Friday, May 26, 2006

Living Life

So got hit with these verses from 1 Corinthians 7 this week...

17And don't be wishing you were someplace else or with someone else. Where you are right now is God's place for you. Live and obey and love and believe right there. God, not your marital status, defines your life.


God is such a punk sometimes.. How He can take a passage and make things so clear in your mind.. things that you have been struggling with, issues that you have cried over and worried over, and then *Bam.. wrap it all up in a few sentences and make everything so clear to you..
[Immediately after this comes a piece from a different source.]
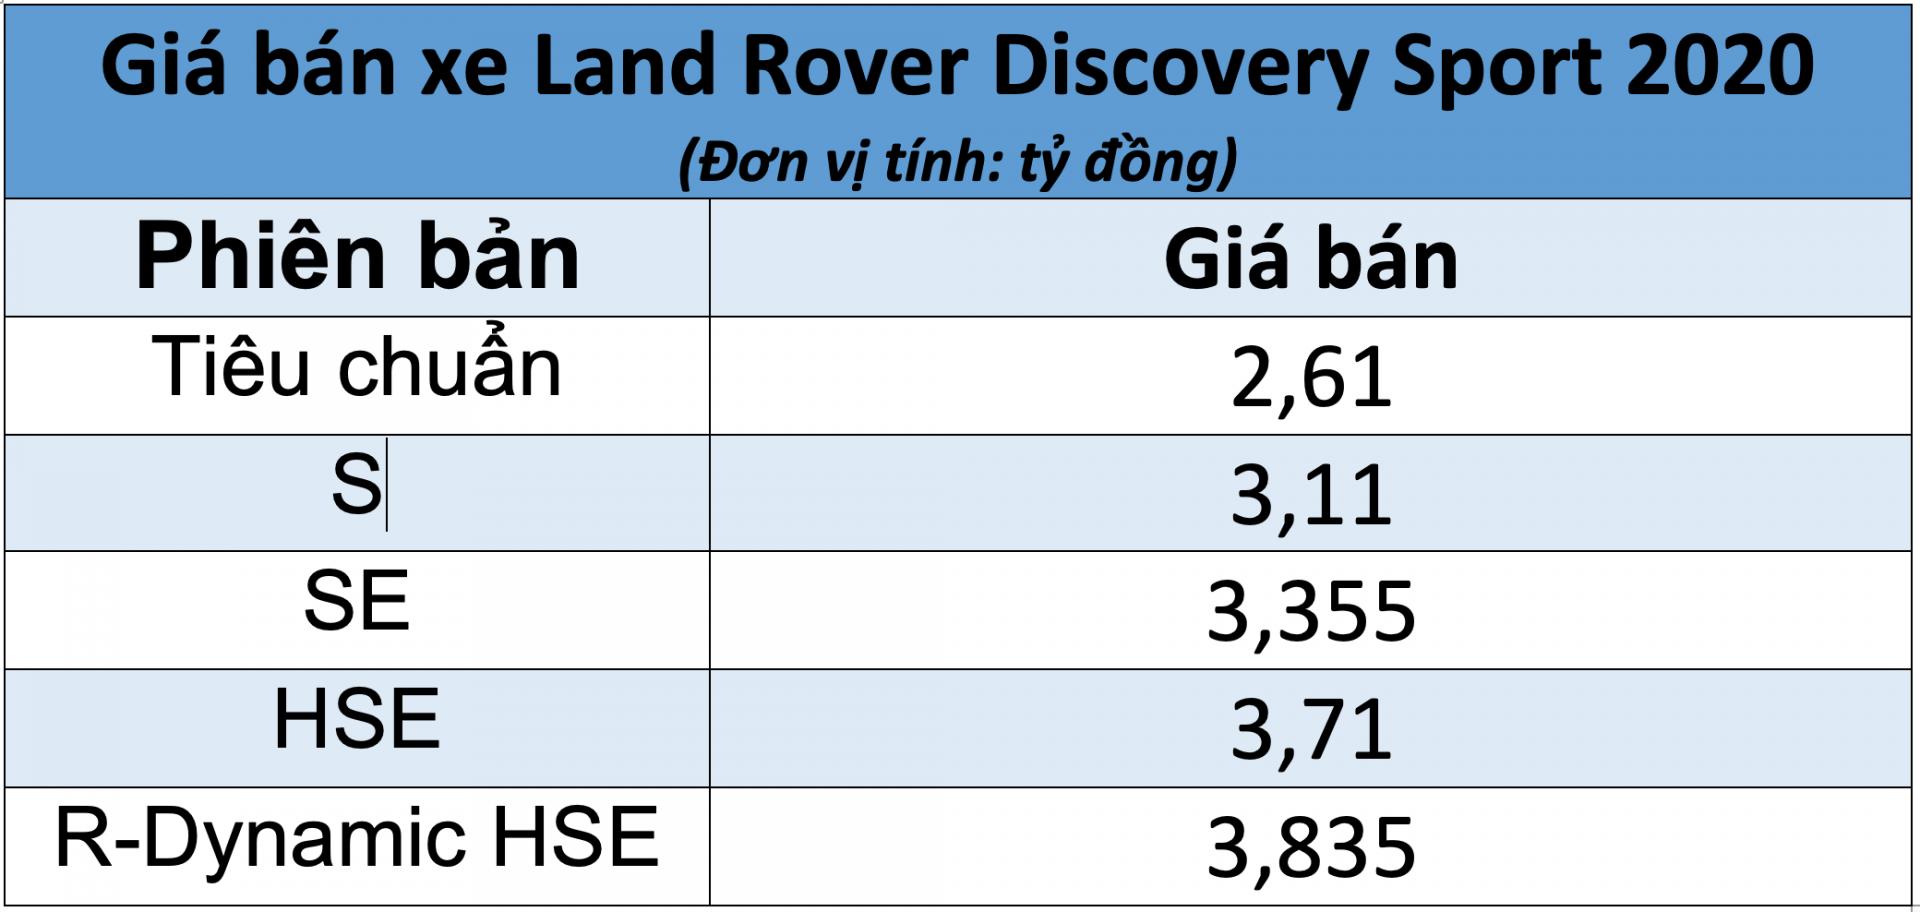 Giá bán xe Land Rover Discovery Sport 2020

Wishing - something i do a lot of... wishing for this friendship or that, this relationship or that, this item or that, this snowboard or that.. this car or that.. this life, or that.. this holiday or that.. it seems my heart is never content, and here it is in black and white.. be content.. where you are.. with who you have.. Right now this is what God has for you.. So incredible to realize that right now, everything I have is what God wants for me for right now. it's my home.. it's the place God has made for me for this time.. it could be days it could be weeks, it could be months or years but it has been customized for me.. and I can take courage in that.
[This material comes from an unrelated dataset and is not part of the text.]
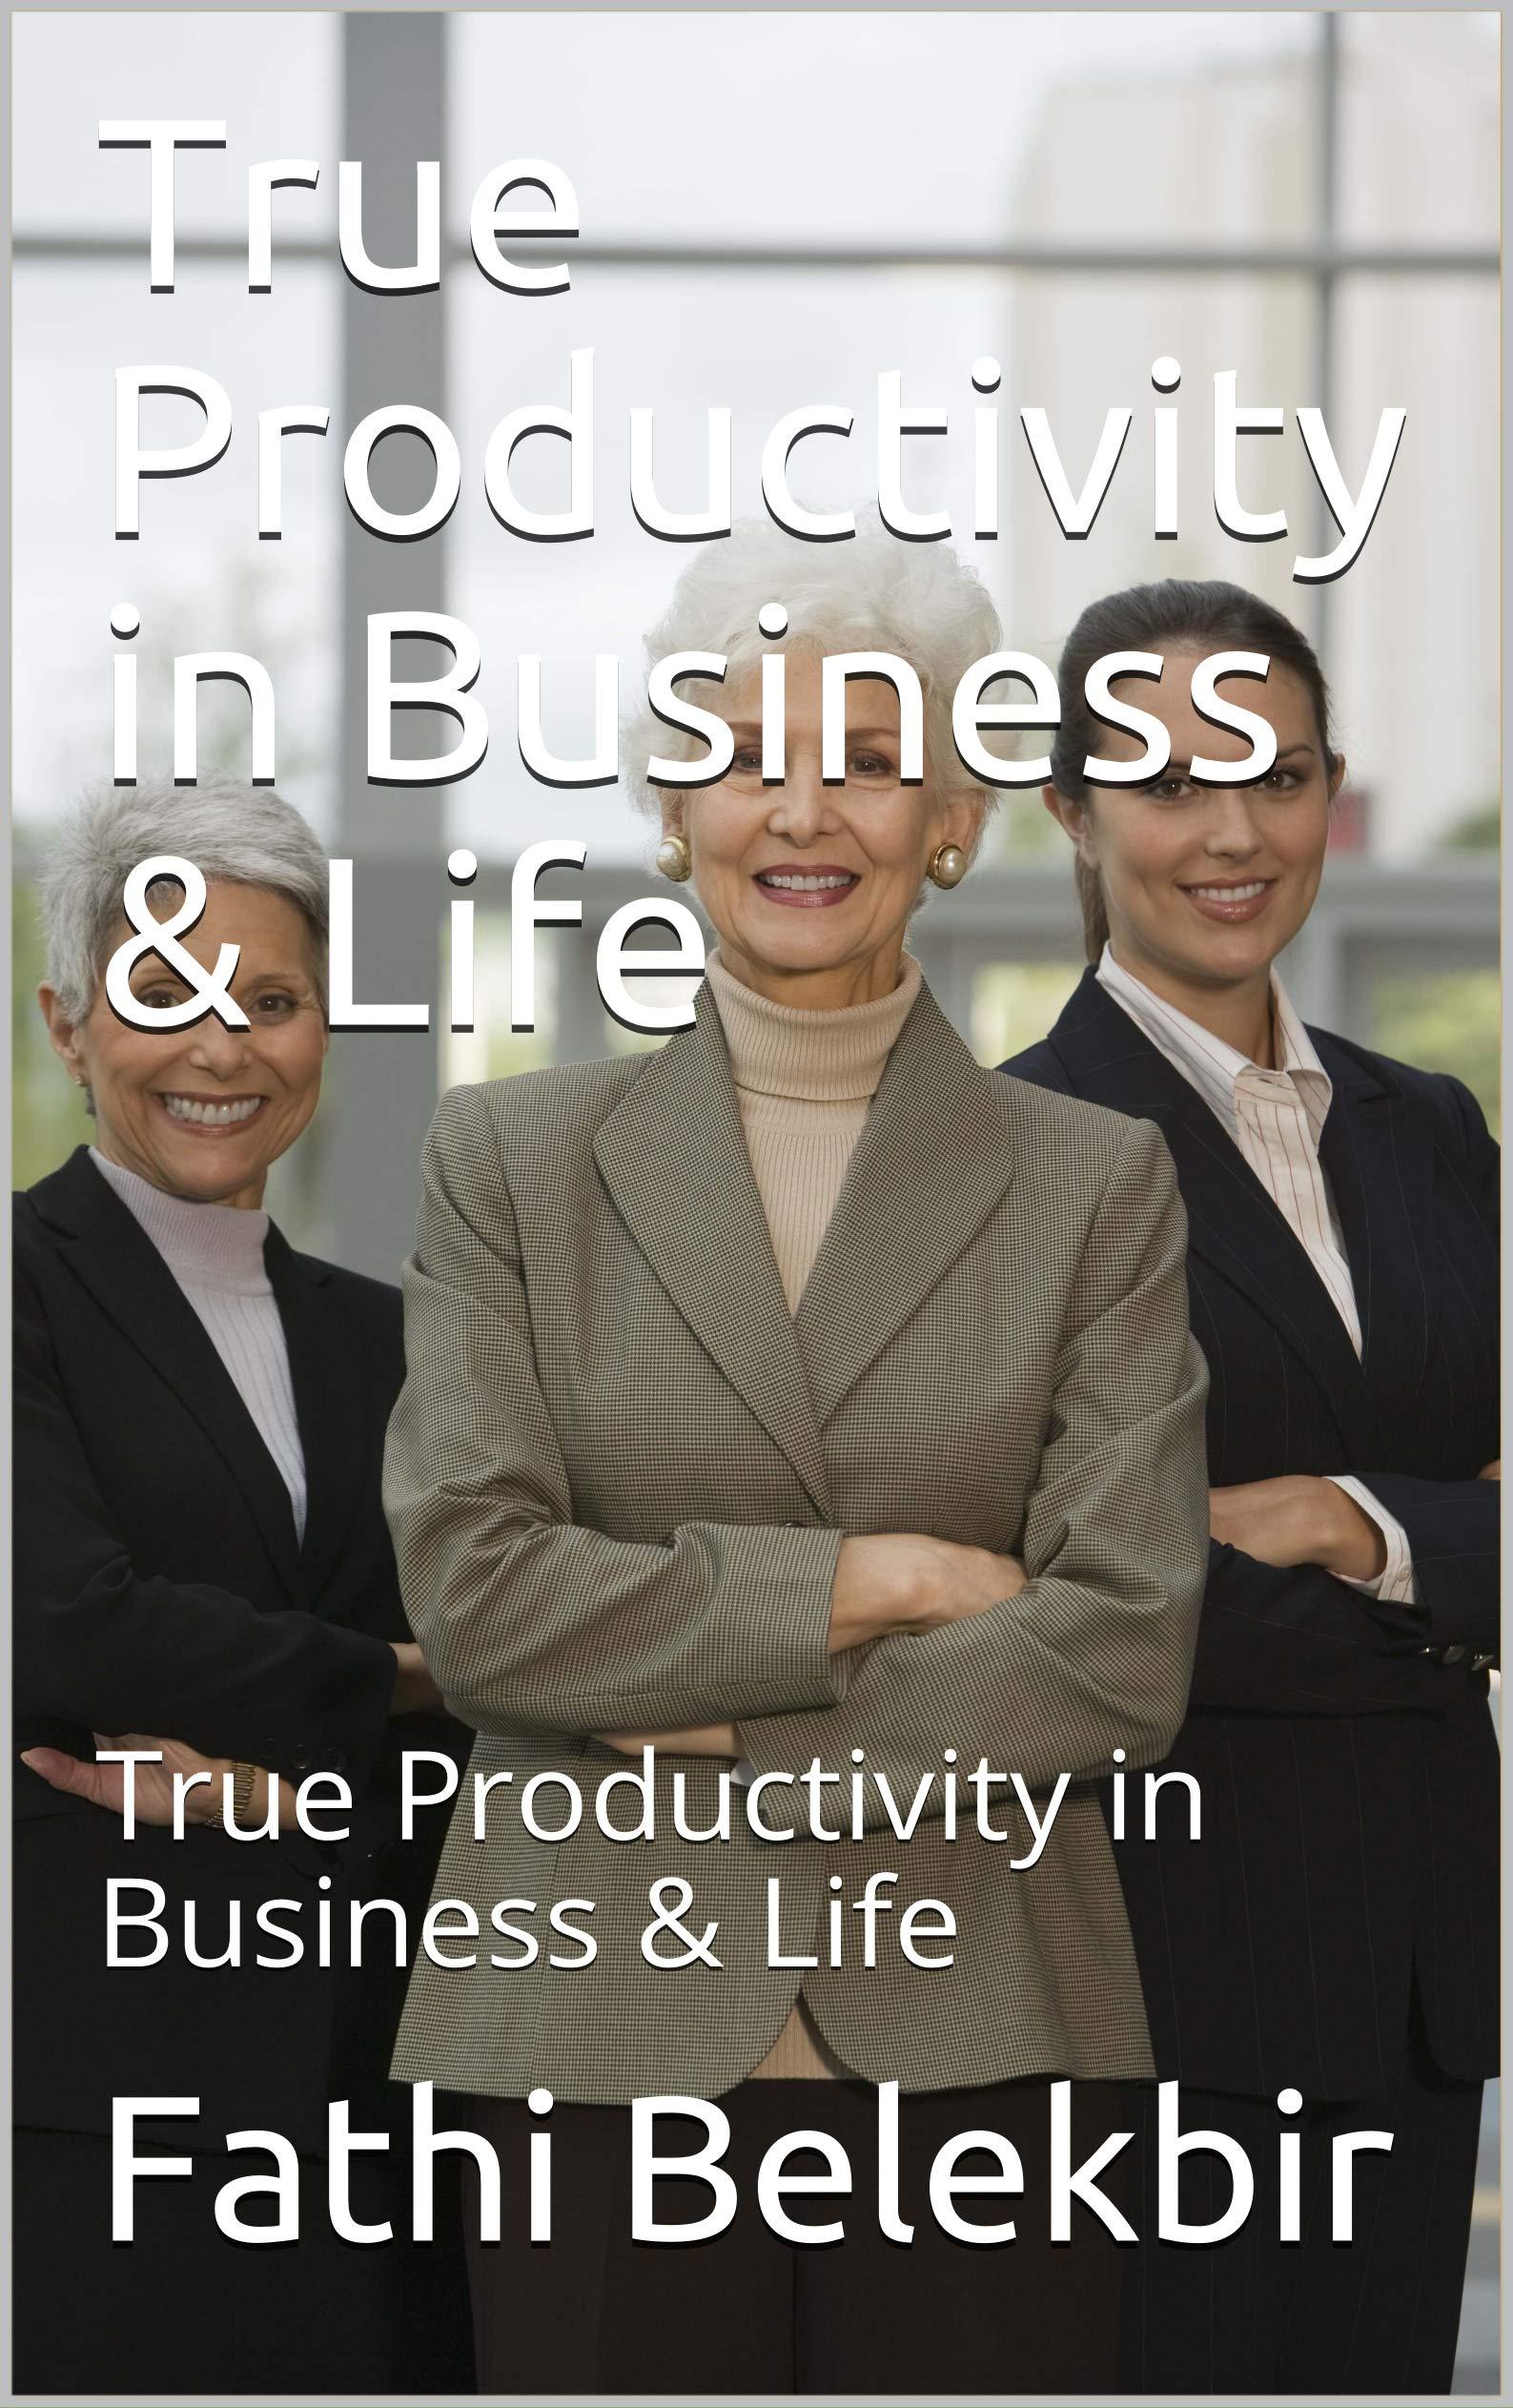 True Productivity in Business & Life: True Productivity in Business & Life

Live, Love, Obey, and Believe.. those are not just themes for another day.. they are for right now irregardless of my situation or how i think it will all turn out.. God wants my life right now to be an adventure to be lived .. not just survived, or held onto until a brighter day.. TO know love, even in the midst of lonliness, this is His desire for my life.

finally, just to know that God alone defines me.. it is not my divorced badge that i wear, but His love in my life.. His adopting me and giving me a new name and a hope for tomorrow. that is what defines my life.. May I never forget that..

Wednesday, May 24, 2006

Saint John

AHHHHH back to my fair city again. So good to see the streets and the port city again.. I miss that place, not sure why I have such an affection for the city, but I do. Need to do a road trip this summer. Spend some time at the Nature Park.

While we were there we dropped in to see the Newsboys. It was such a time of worship and encouragement. I was so impressed with their attitudes, and sense of desire to encourage and uplift the believers in the city. It was an amazing time with Jesus, and I was totally able to feel and revel in God's love for me.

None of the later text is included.